Check data quality before investigating:
You: "Are there any failing dbt tests?"

SignalPilot: Checking dbt test results...

⚠️ 2 tests failing:
1. unique_orders_order_id (FAIL) - Found 47 duplicate order_ids
2. not_null_customers_email (WARN) - Found 12 null emails

Column Lineage

Trace where data comes from:
You: "Where does the mrr column in fct_subscriptions come from?"
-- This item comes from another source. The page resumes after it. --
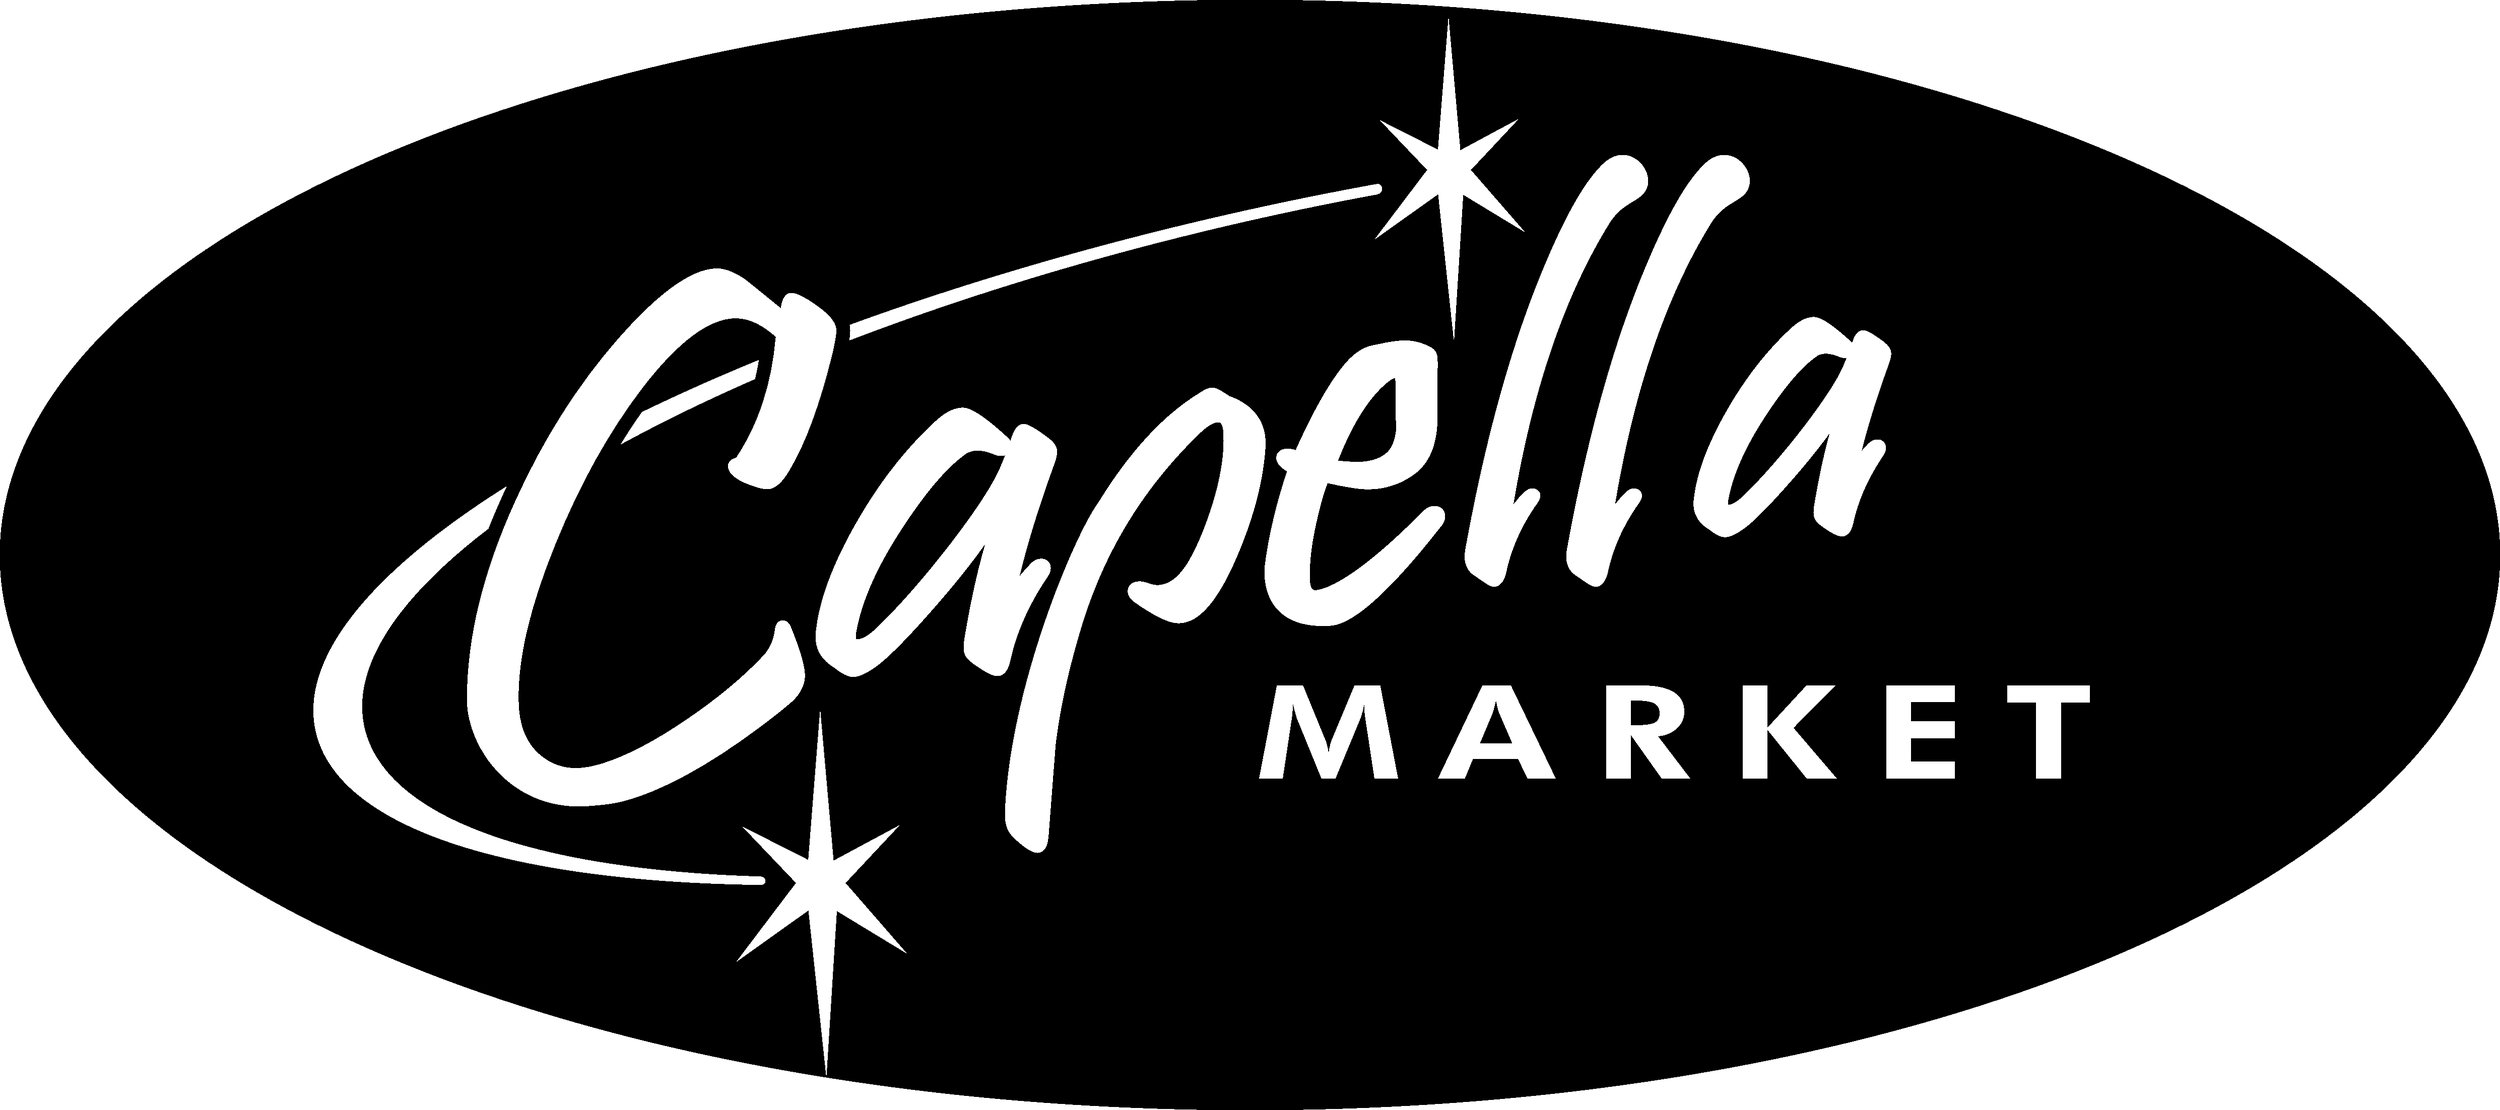 Image result for capella market
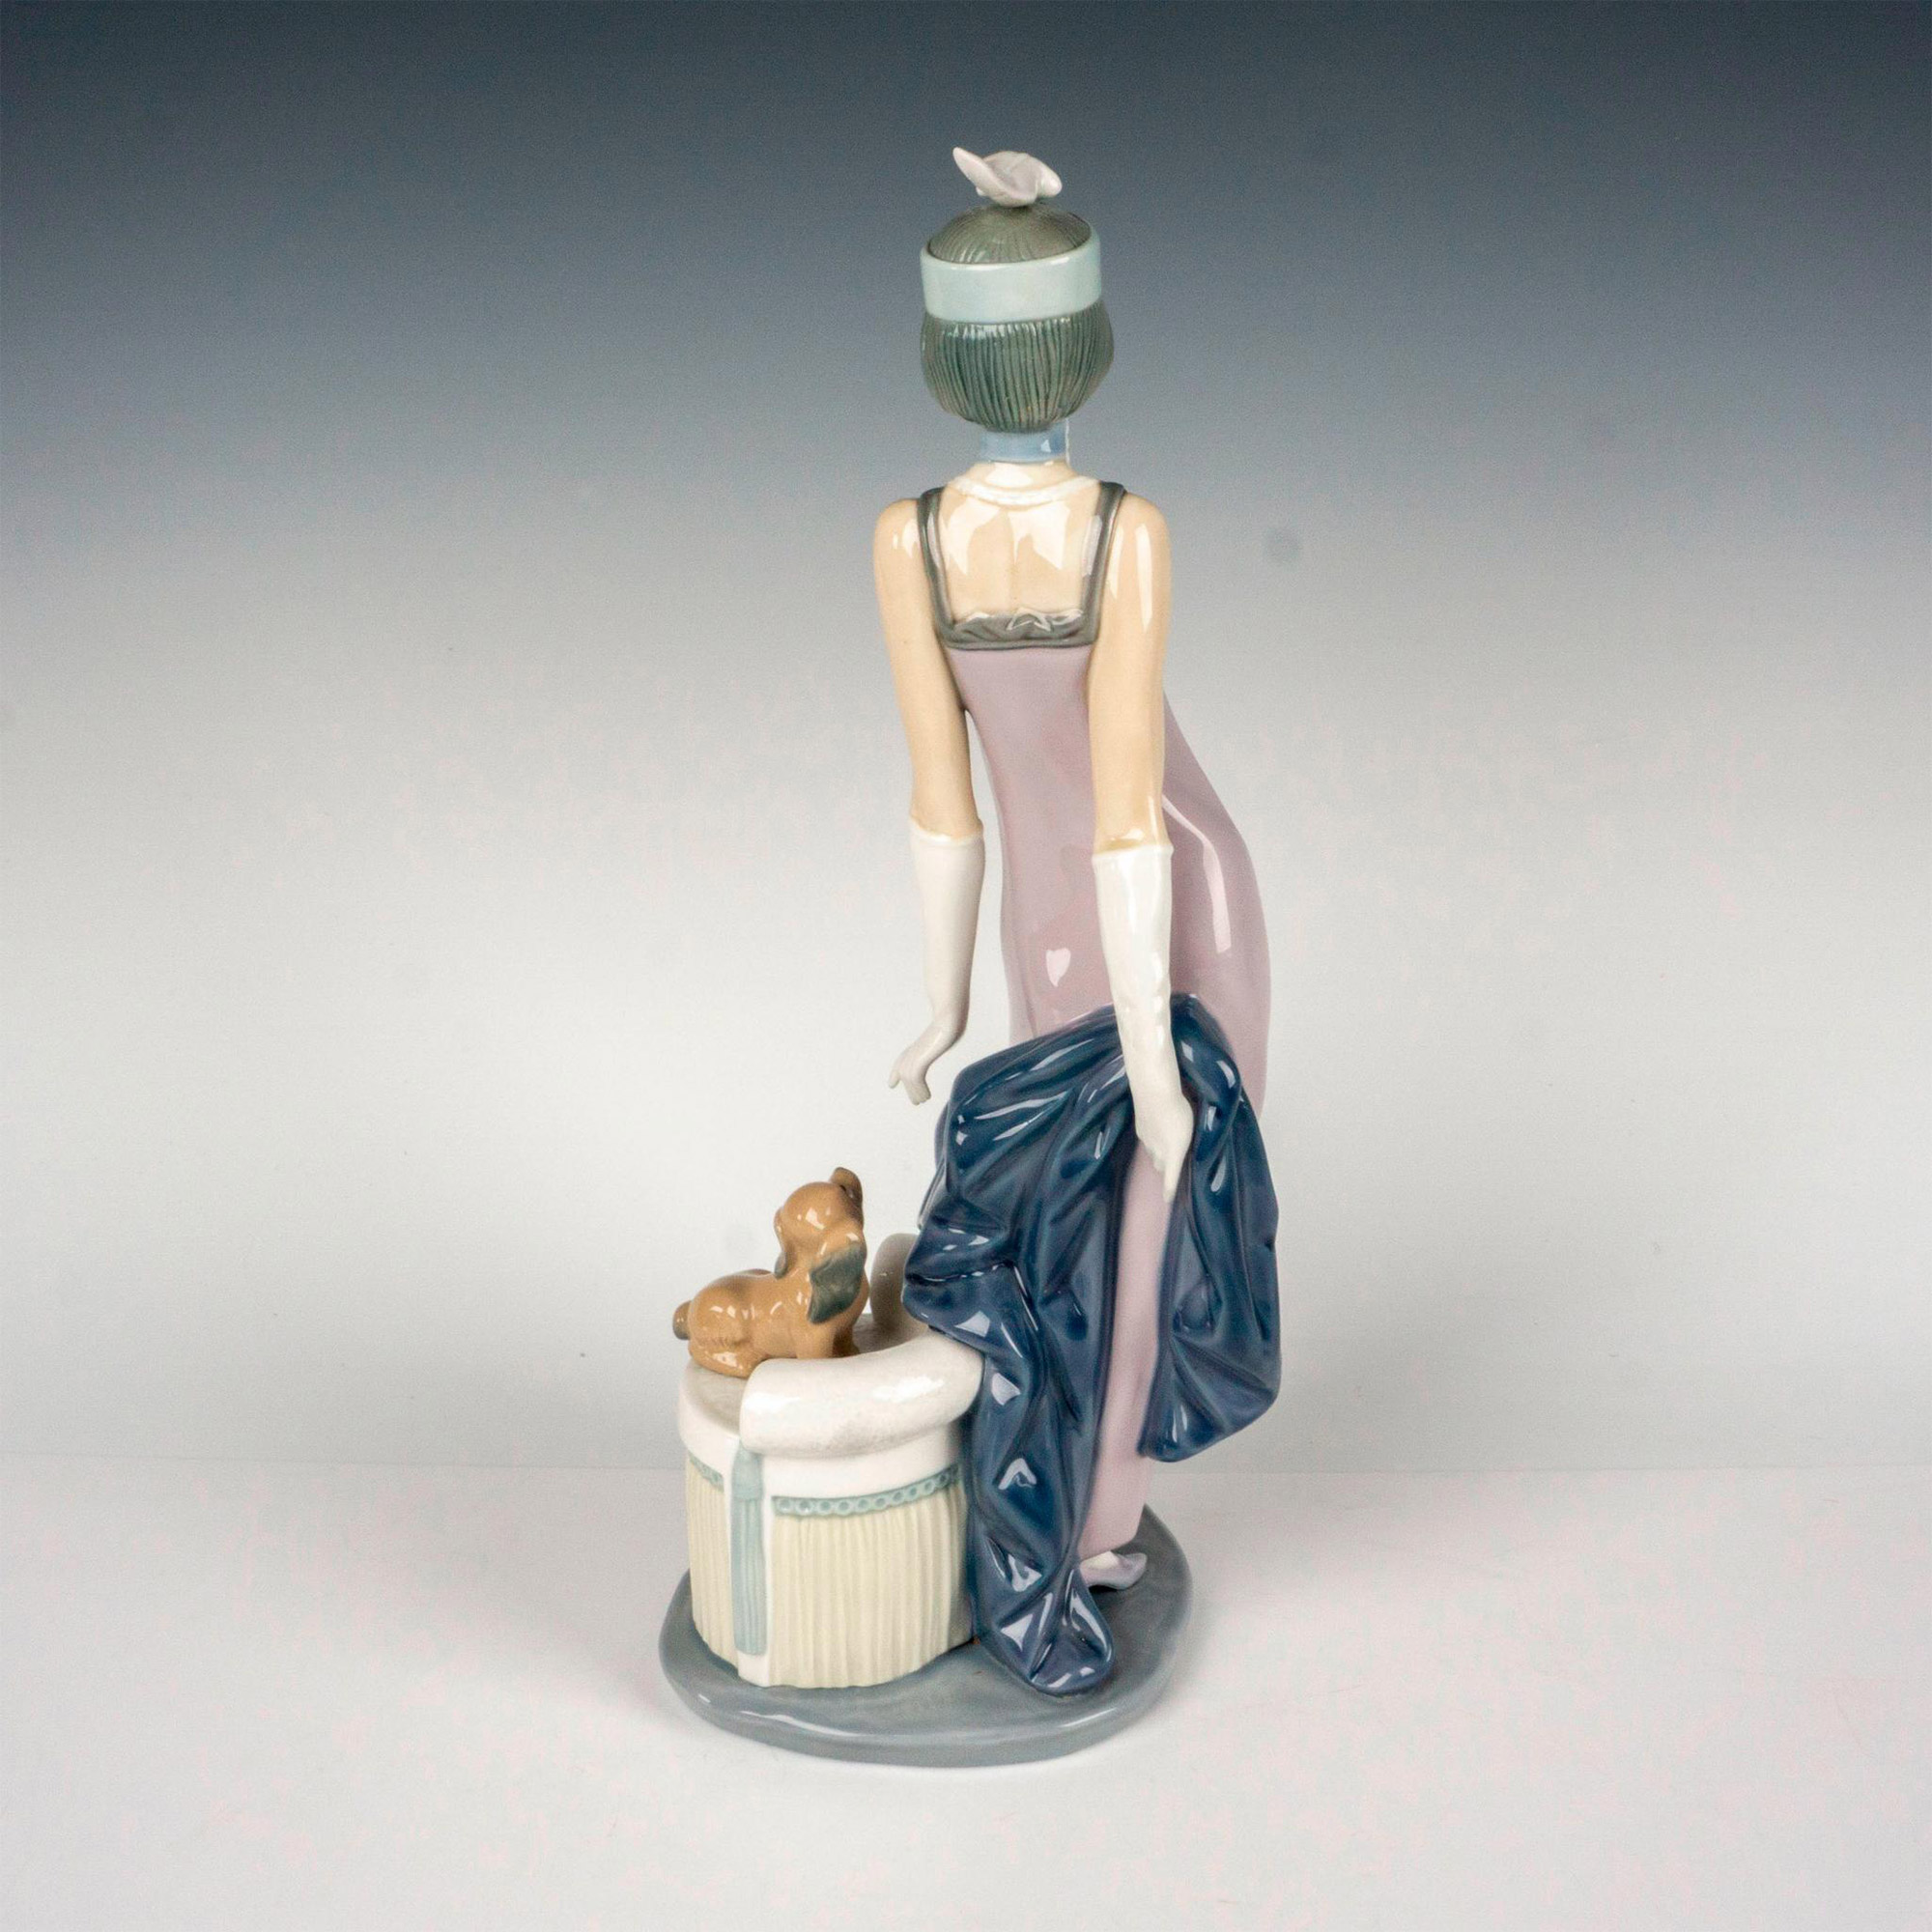 Couplet Lady 1005174 - Lladro Porcelain Figurine - Image 2 of 4

SignalPilot: Tracing column lineage...

fct_subscriptions.mrr
└── int_subscription_mrr.mrr_amount
    └── CASE statement combining:
        ├── stg_subscriptions.plan_amount
        ├── stg_discounts.discount_percent
        └── stg_credits.credit_amount

dbt Commands

CommandDescription
@dbt show modelsList all models
@dbt lineage <model>Show upstream/downstream
@dbt describe <model>Show model documentation
@dbt testsShow test results
@dbt freshnessCheck source freshness

Best Practices

1

Document Your Models

Well-documented dbt models make SignalPilot investigations faster. Include column descriptions, especially for business logic.
2

Run Tests Before Investigating

Check @dbt tests before deep investigations. Failing tests might explain data anomalies.
3

Use Lineage for Root Cause

When data looks wrong, trace lineage upstream. The issue often originates in staging or source models.